WILKES-BARRE — Saying he had “no other alternative,” Mayor Tony George on Friday asked the state to declare the city financially distressed under Act 47.
George said the city faces an estimated $3.5 million deficit next year, and his administration’s attempts to get out of that hole have been unsuccessful. For that reason, he sent a request to the state Department of Community and Economic Development for an Act 47 declaration that provides strict oversight of the city’s finances.
“I have no other alternative,” George said.
Hazleton is the only municipality in the county operating under the constraints of the the Municipalities Financial Recovery Act or Act 47. Plymouth Township. West Hazleton and Nanticoke previously participated in it.
What is Act 47?
Created in 1987, the act provides the resources to financially distressed municipalities to restructure debt and limits their ability to obtain government funding. They can pursue bankruptcy and avail themselves to Federal debt adjustment actions. It also permits consolidation or merger of contiguous municipalities to relieve financial distress, according to the DCED website.
Based on the projections two years ago of the Philadelphia-based PFM Group, the city’s financial consultant, applying for distressed status was a possibility. It grew stronger as the deficit’s numbers became clearer in PFM’s financial progress update in March.
“PFM actually did the Act 47 analysis,”city Administrator Ted Wampole said.
The consultant, hired at a cost of $275,000 in combined state grants and city funds, has provided regular updates since it came on board in 2016 under the state’s Early Intervention Program to stabilize the city’s finances.

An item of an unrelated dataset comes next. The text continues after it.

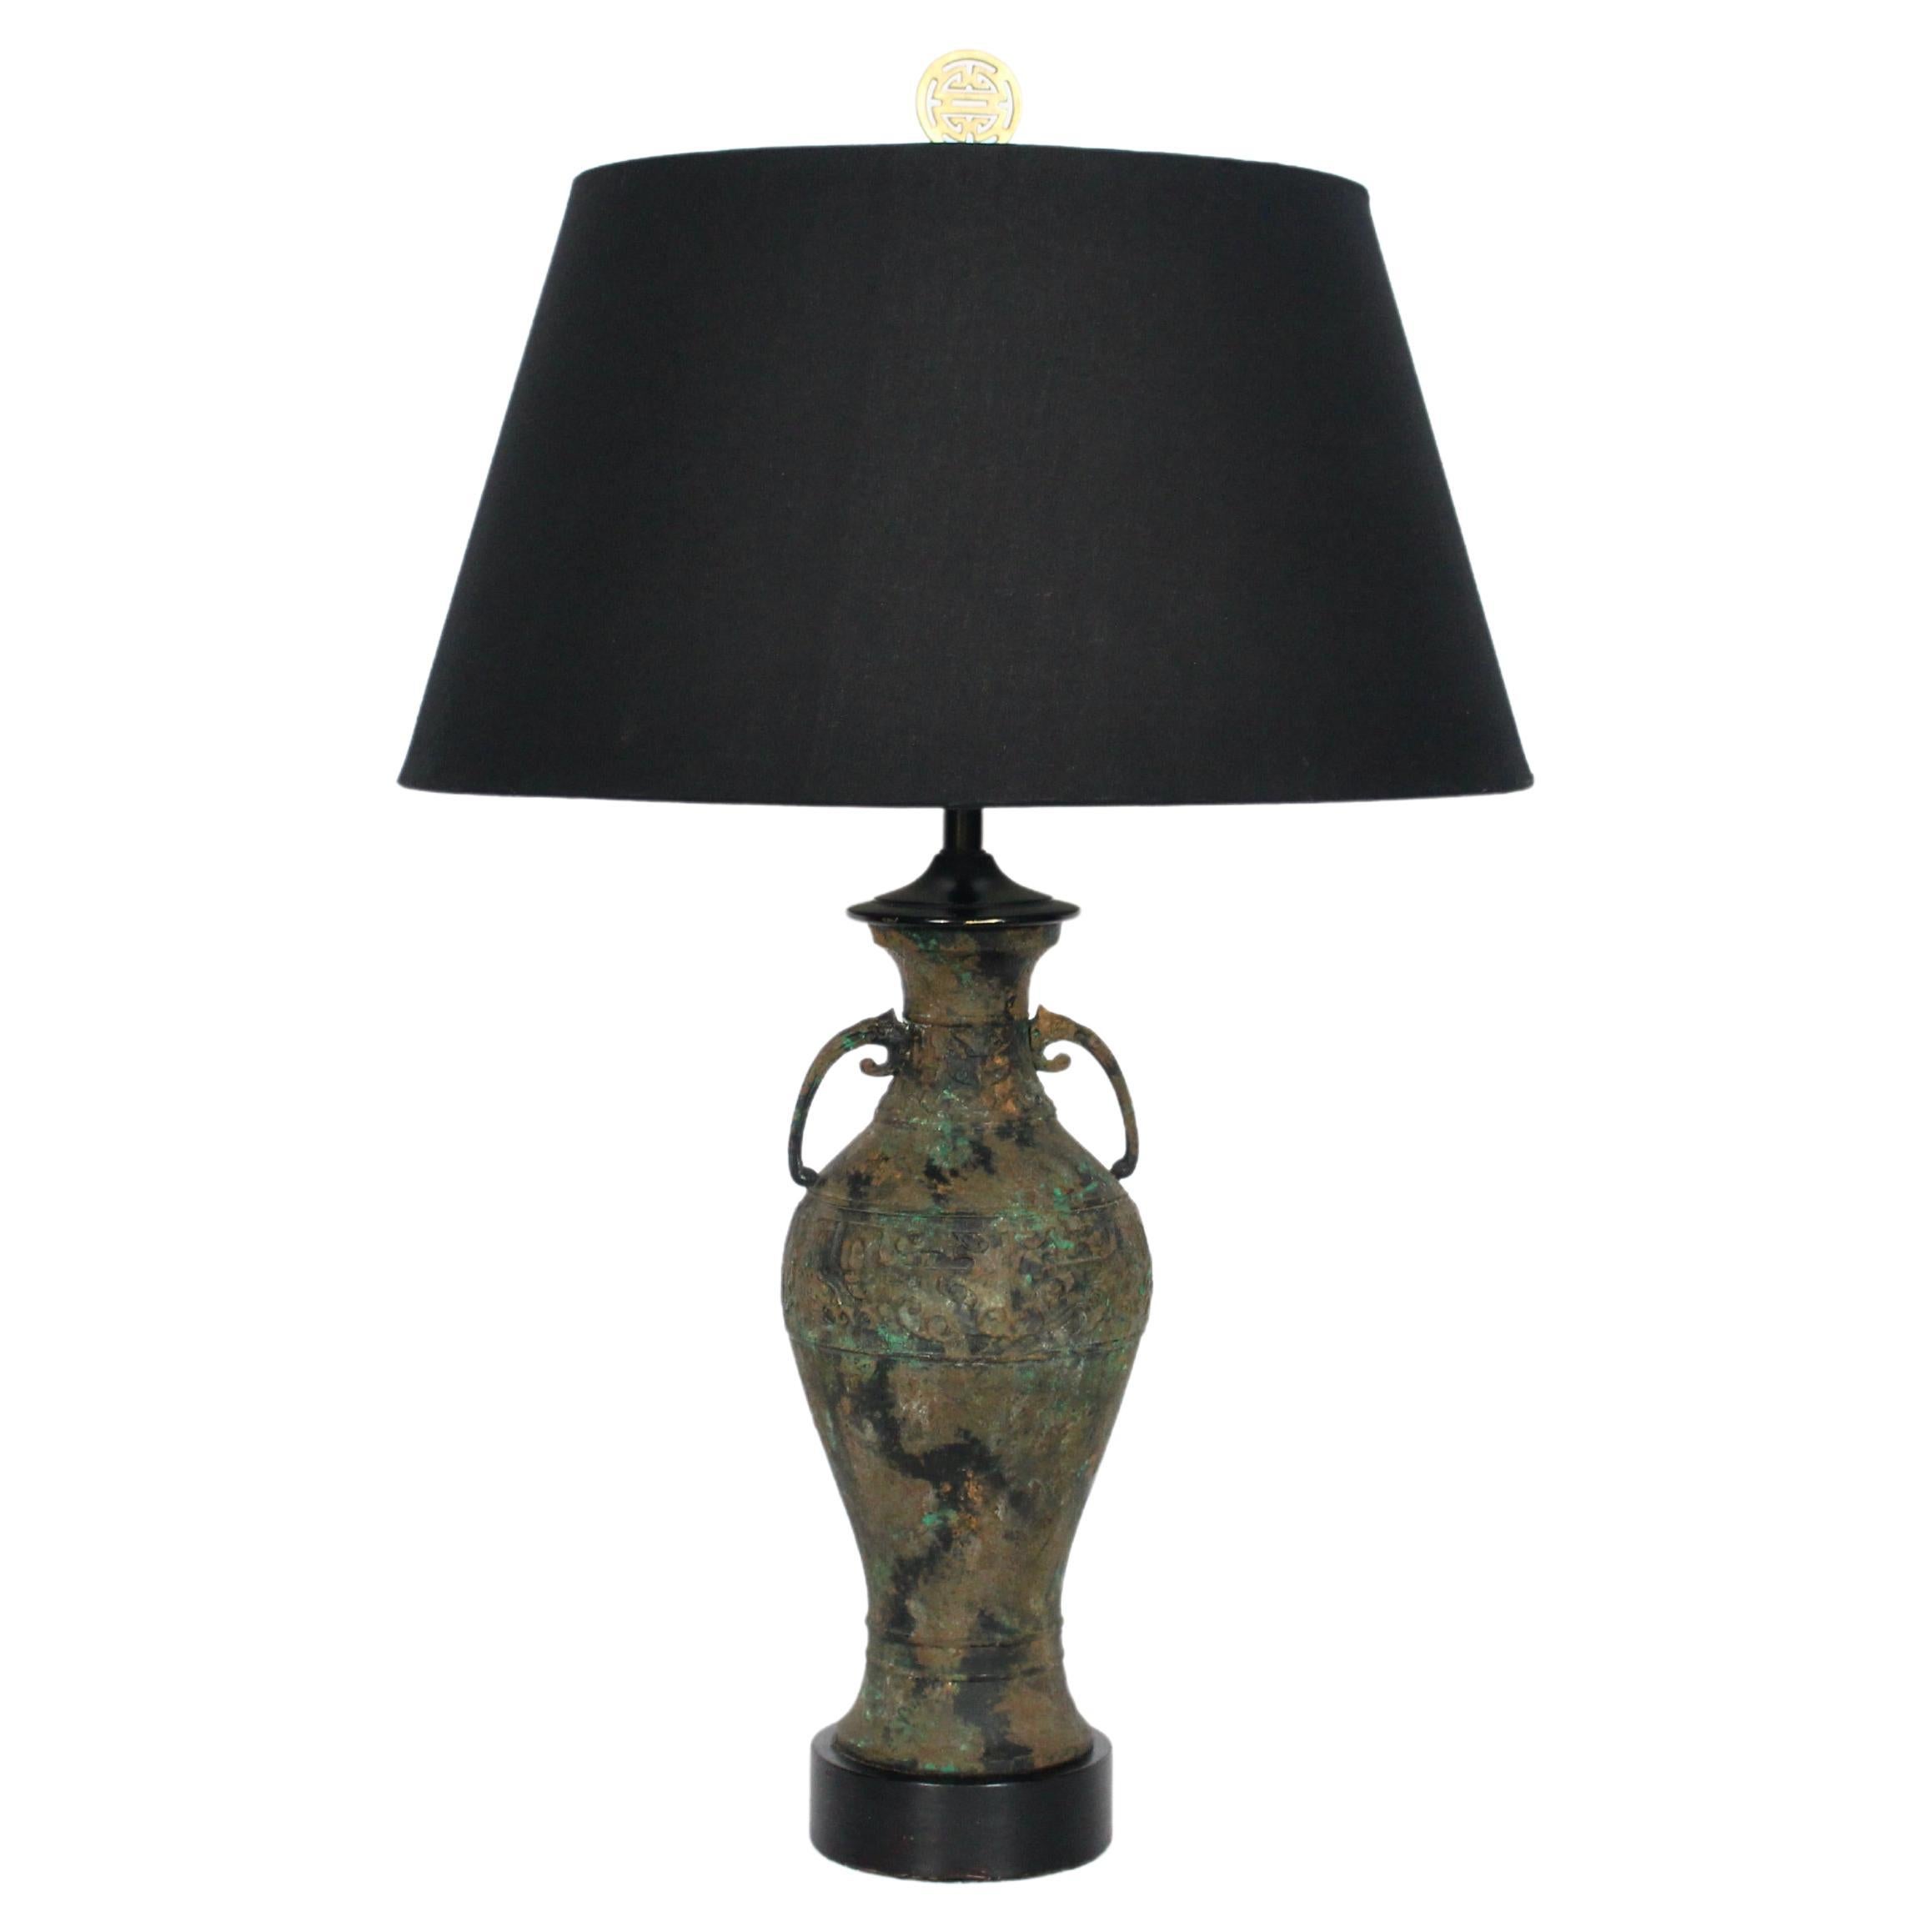 Tall Laurel Lamp Company Ancient Asian Style Bronze Verdigris Table Lamp, 1950's For Sale

“The determination was made that we really couldn’t put this off,” Wampole said.
Wampole said the mayor wrestled with the decision over the past several weeks and lost some sleep thinking about it.
George listed a number of factors that influenced his decision: negotiations with two of the four unions are at a standstill, and the firefighters’ union will file arbitration soon for a new contract; $3 million in employee pension obligations; and lack of support from city council to sell the Park & Lock garage for $2 million.

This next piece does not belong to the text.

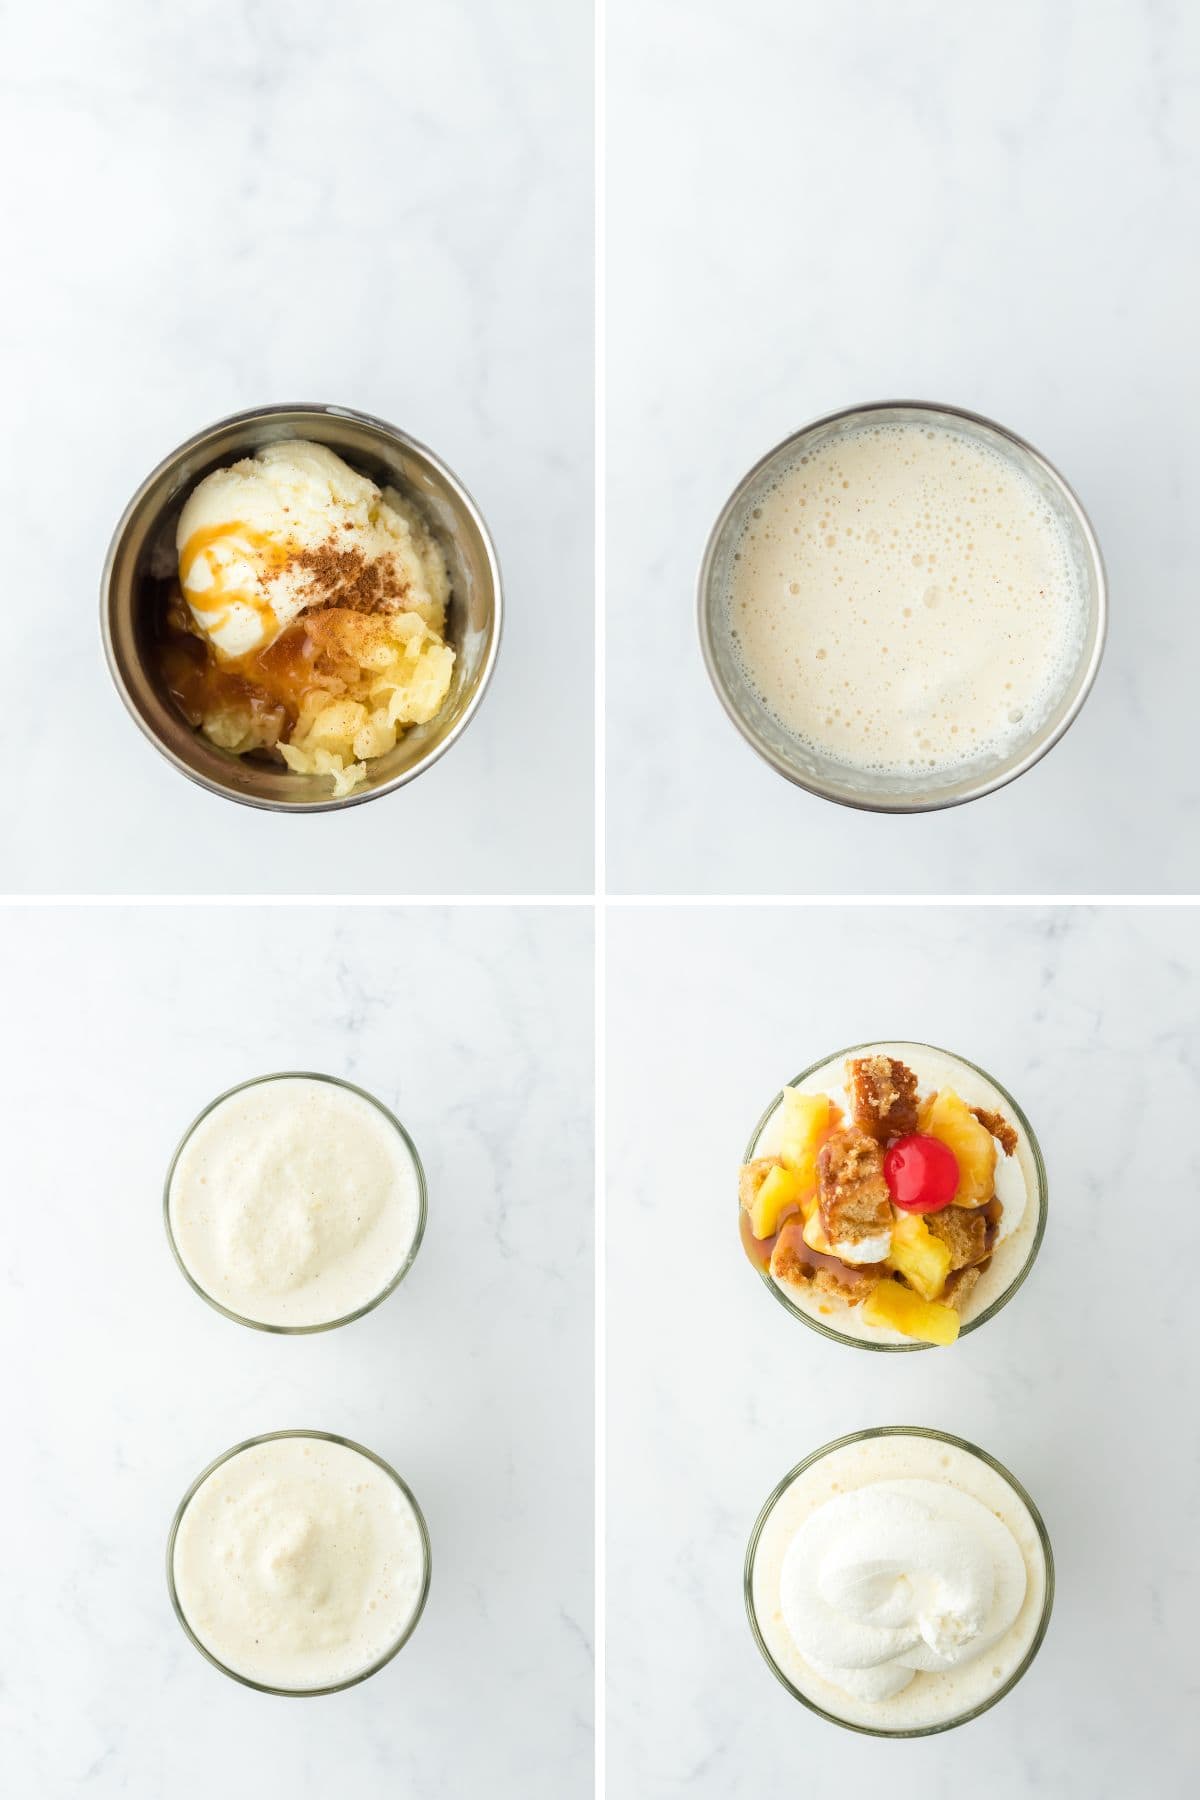 A collage of images showing the steps for making a pineapple shake.

“My big goal is to bring the city forward and we’re stifled,” George said.
PFM noted that the city has taken steps to control spending and improve its cash flow, “though there’s still a lot of work to do,” it said in the March update.
The consultant outlined a series of measures for the city to take to close the projected deficits next year and beyond. They included wage freezes, changes in health insurance plans, increases in employee health insurance premium contributions and the possible sale of the sewer lines.
PFM also suggested raising property taxes 10 percent, but left it up to the city to determine the extent of the hike.
“Even if the city successfully completes collective bargaining and executes the sewer monetization, there’s still likely to be a gap. What types of revenue increases — primarily a real estate tax increase — do you consider practical?” PFM asked.
The mayor did not include a tax hike in his $49.4 million budget this year and used increases in parking meter and garbage fees to balance it. He said he doesn’t expect support from city council to raise them above the current rate of 141.33 mills. A mil is a $1 tax on every $1,000 of assessed property value. The city is the only municipality in Luzerne County that uses its own assessments.
Upon receipt of the petition, DCED Secretary Dennis Davin will task the Center for Local Government Services with preparing a consultative report to verify that the information presented in the petition for Act 47 is true and accurate, Sarah DeSantis, a department spokeswoman said in an email.
Between two weeks to 30 days later a hearing is set up and the department can present testimony on the results of the report that includes financial and socio-economic data, the email said.
Wampole said the city must meet criteria set by the state in order to be considered distressed. He said the two criteria submitted by the city dealt with recurring deficits. None of the other criteria, including missed payrolls or debt payments, applied Wampole said.
Upon approval, DCED appoints a manager that could be someone from PFM, the Pennsylvania Economy League or another independent organization to put together a financial recovery program that must receive approval by city council. The city would have a maximum of five years to complete the program.
DCED has yet to begin its review of the petition, but city council chairman Tony Brooks approved of the first step taken by the mayor.
“I support the petition,” Brooks said.